今年の秋に発表されるノーベル平和賞候補に、現在投獄されている香港のリンゴ日報創設者の黎智英氏や雨傘革命の黄之鋒氏ら民主化運動指導者ら5人がノミネートされていることが明らかになった。米国や中国など世界10カ国の著名な学者15人が共同で5人を推薦したもので、推薦理由として「この5人は、香港の市民社会を粉砕し、香港や北京の当局への批判を封じようとする香港国家安全維持法に反対した何百、何千もの香港人を代表する人々であり、彼ら5人は同法が香港にもたらした人権の圧殺と人間の尊厳に対する侮辱を受け入れるのではなく、『良心の囚人』になることを選んだのである」と説明している。米紙「ワシントンポスト」が報じた。
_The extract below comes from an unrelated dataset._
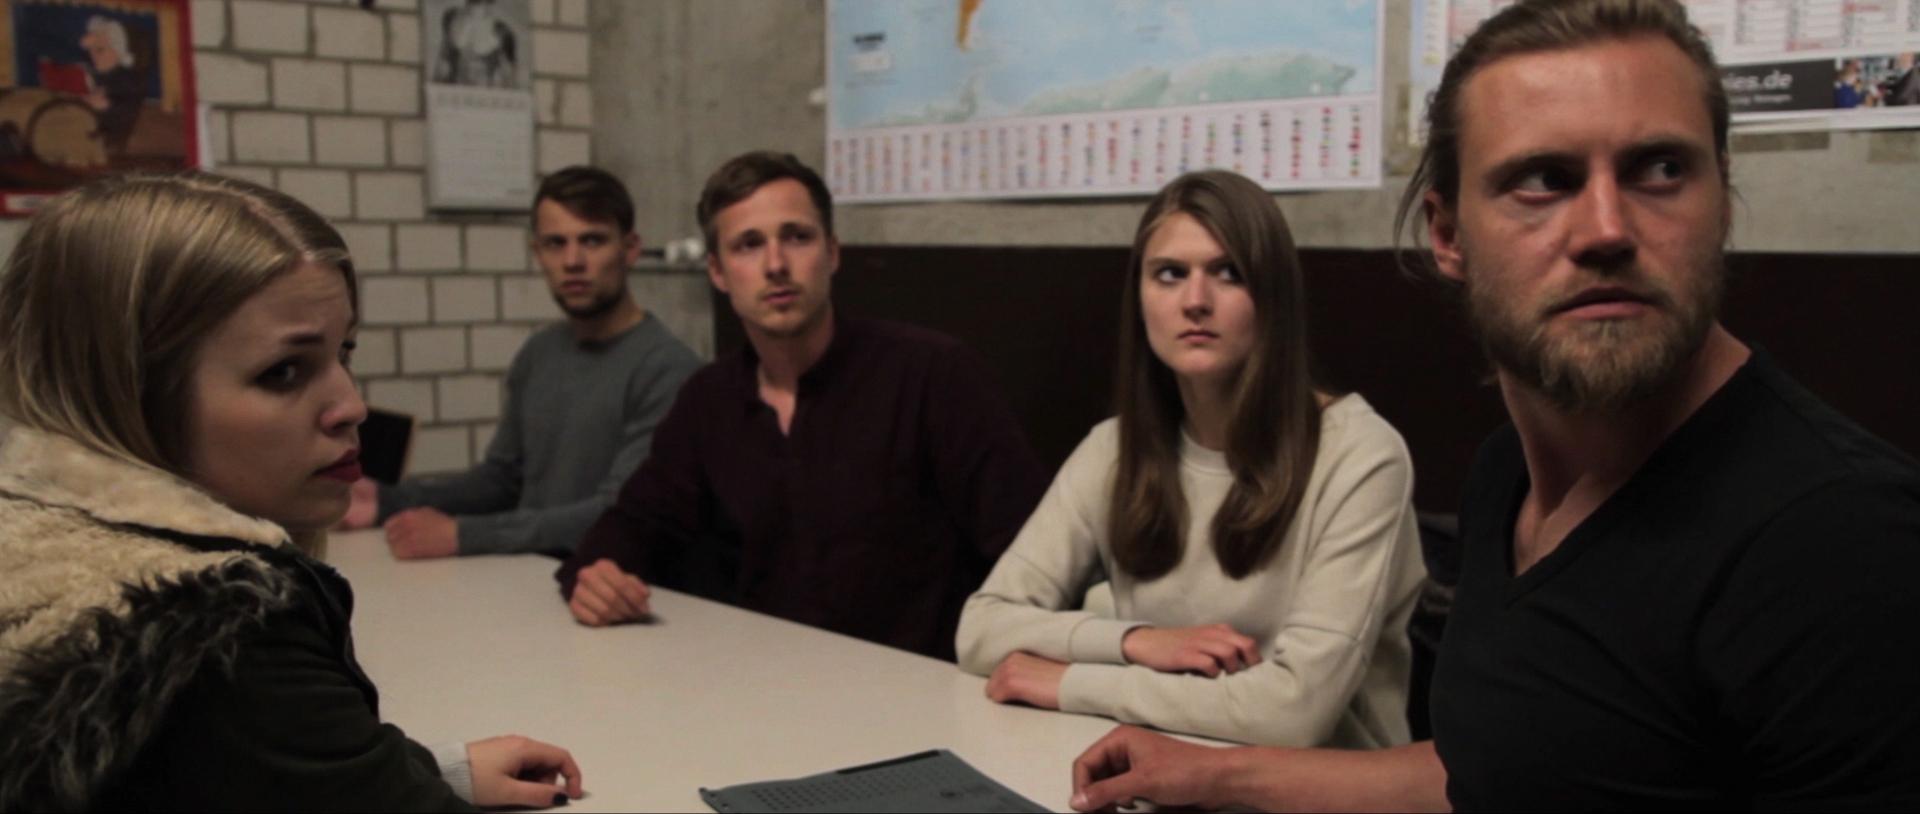 Sarah Mevers (Betti), Christopher Comouth (Lars), Alexander Benedikt Schulz (Basti), Bettina Hammelrath (Amy) und Oleksii Okhotiuk (Mark) schmieden gemeinsam einen Plan. Foto: I Mann Studios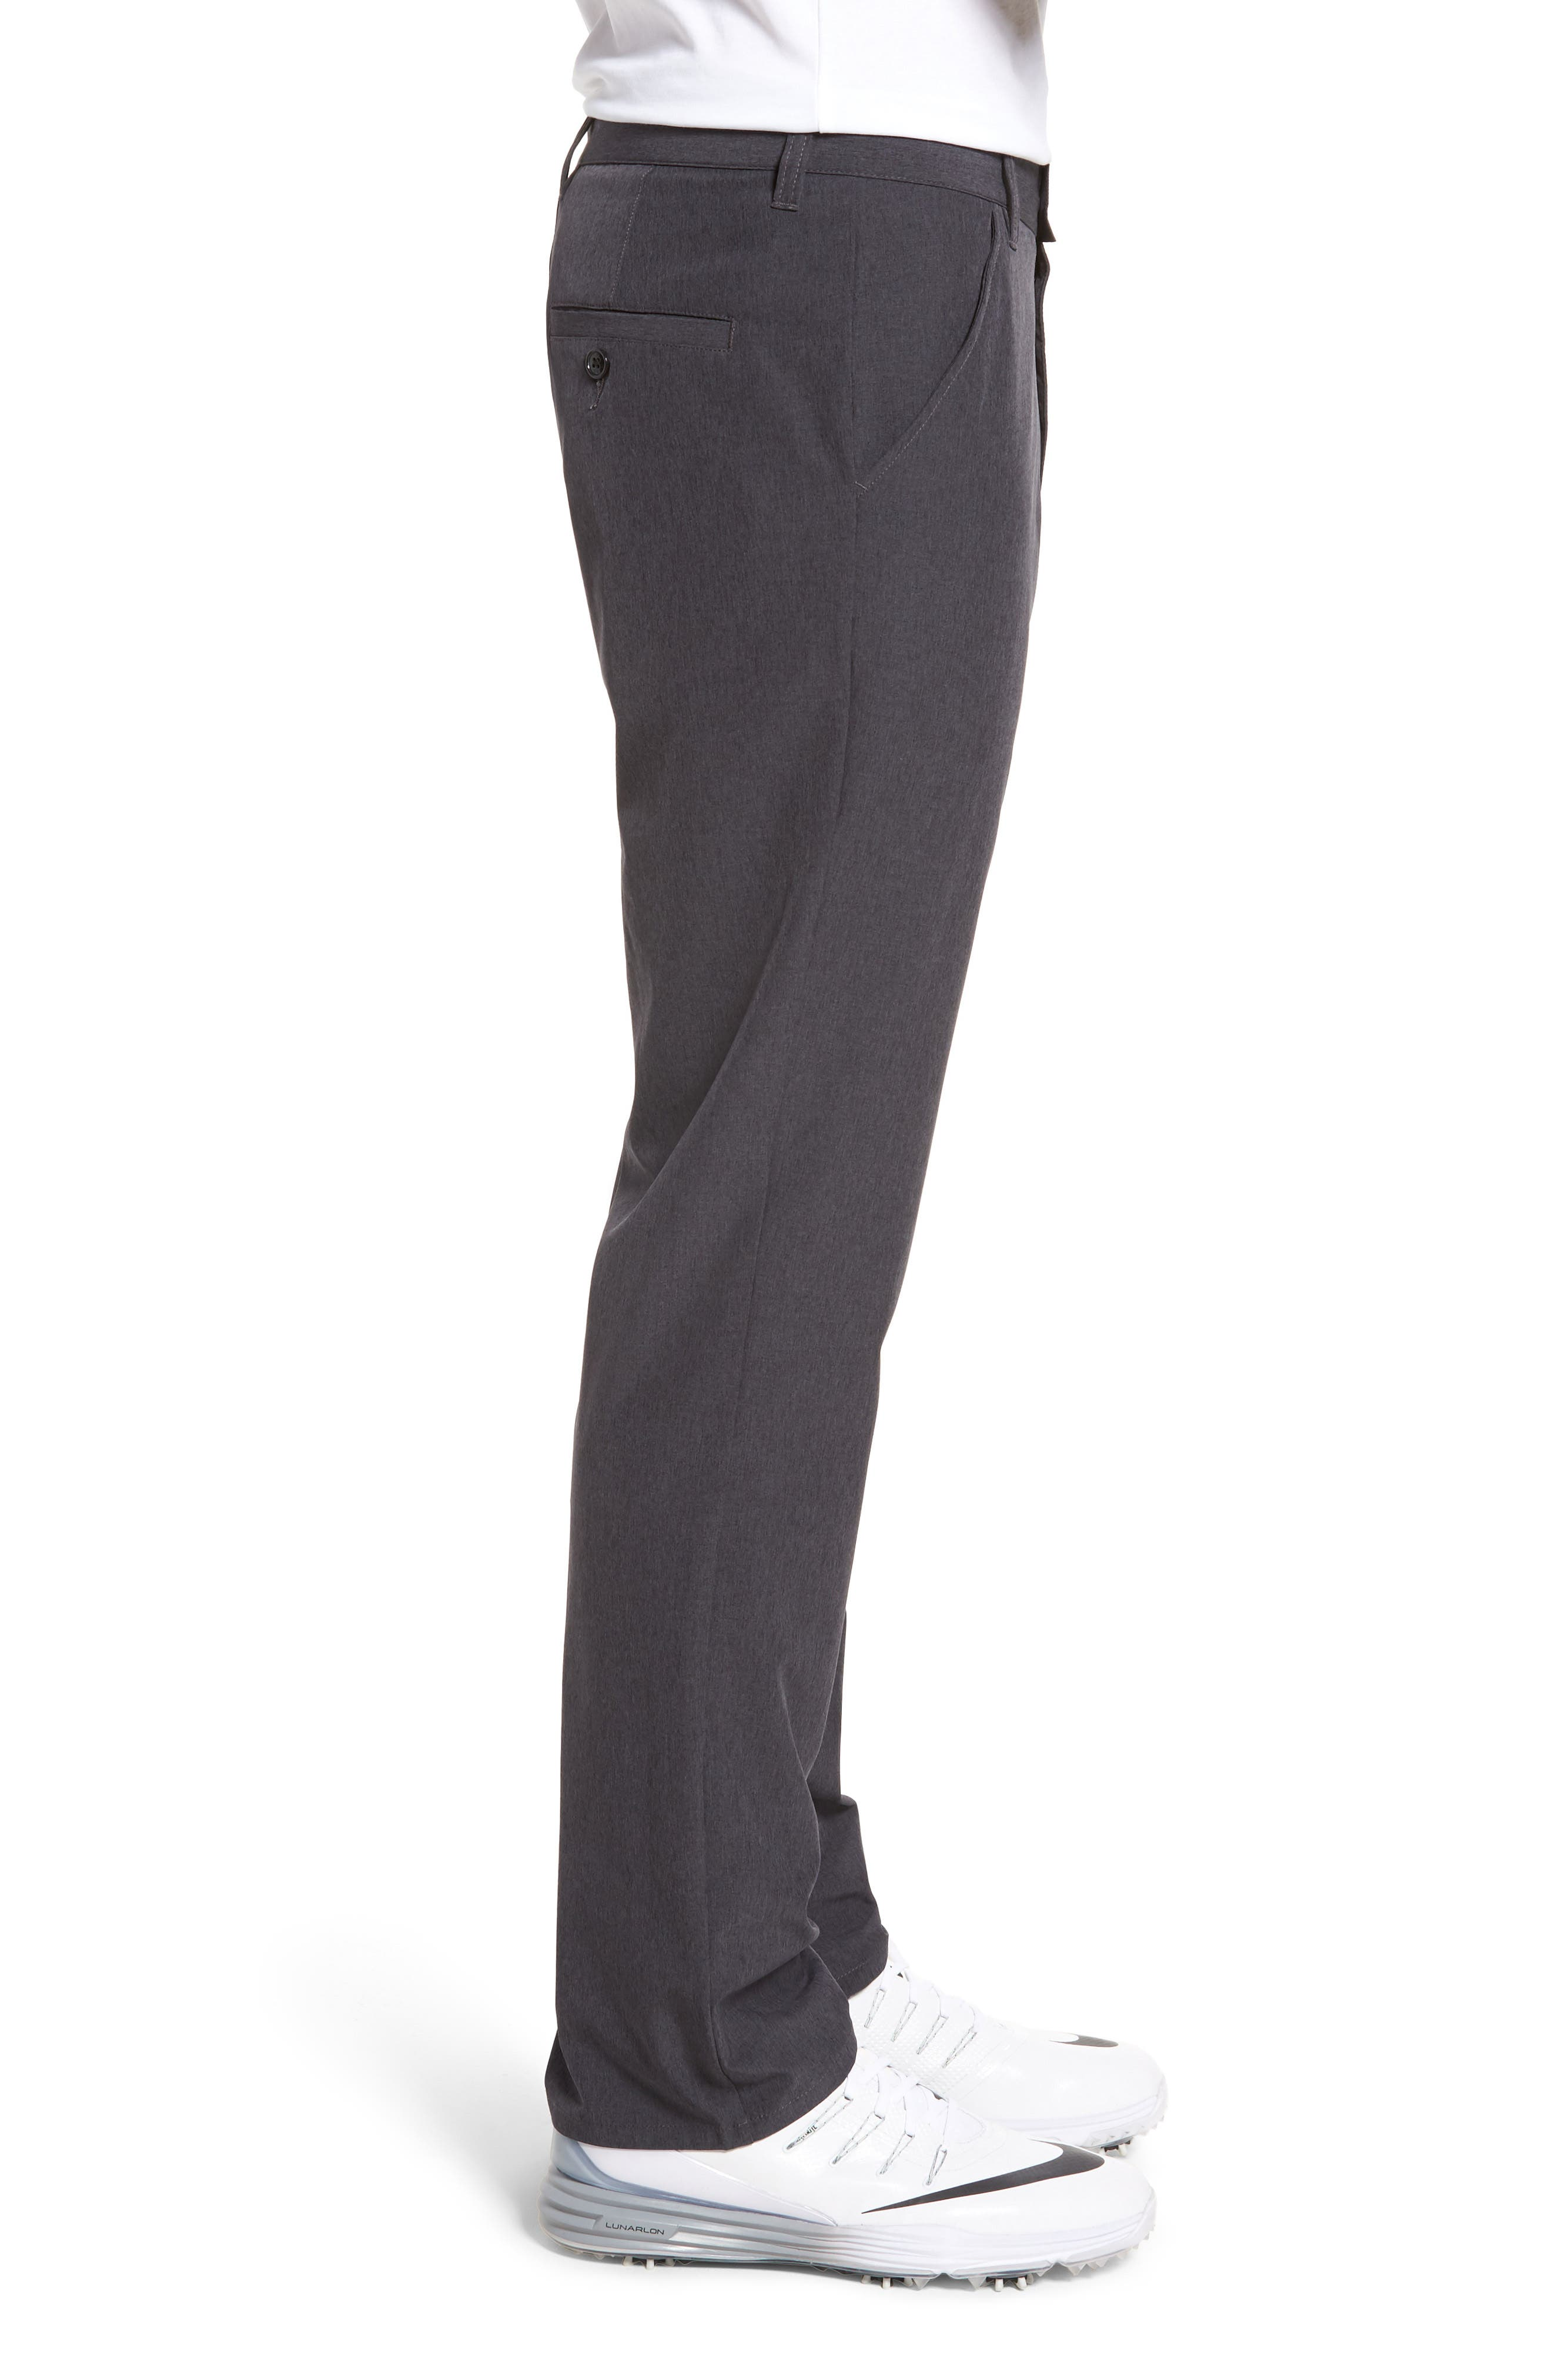 Pantladdium Pants,                             Alternate thumbnail 3, color,                             HEATHER BLACK

推薦人は、代表である中国研究者でカリフォルニア大学リバーサイド校のペリー・リンク教授や中国の反体制思想家で習近平中国国家主席を「マフィアのボス」などと呼んで、米国に亡命し中国共産党籍を剥奪された蔡霞・元中央党校教授ら。
推薦書に添えられた書簡の中で、教授らは香港の活動家たちを、ヒトラー批判のカール・フォン・オシエツキー氏(1935年受賞)、ソ連の反体制学者アンドレイ・サハロフ氏(1975年)、ポーランドの政治家レフ・ワレサ氏(1983年)、中国で拘束中に死亡した民主化指導者劉暁波氏(2010年)といった、これまでにノーベル平和賞を受賞した著名な反体制活動家や迫害された自由の闘士になぞらえて、「2022年に香港の良心の囚人に平和賞を授与することは、人類の最高の道徳的願望を強調することになる」と述べている。
黎氏ら5人に対する推薦状は今年1月31日にノーベル平和賞委員会に送られたが、これまで公表されていなかった。
5人のうち、学生指導者、黄之鋒氏(25歳)は「不法集会」の罪ですでに香港の刑務所内で1年1か月間、刑に服していたが、2021年1月に再逮捕され、新たな香港国家安全維持法によって「破壊工作」の罪に問われ終身刑となる可能性があるという。何桂藍氏は31歳の女性ジャーナリストで、2019年の民主化デモの際に政府の影響下にある組織がデモ参加者を殴打する状況を取材し報道。彼女も「破壊工作」の罪に問われ終身刑を言い渡される可能性があると伝えられる。
2021年には米国の超党派の議員グループが香港の民主化運動全体を推薦した。今年は、個人251人、団体92人の計343人がノミネートされている。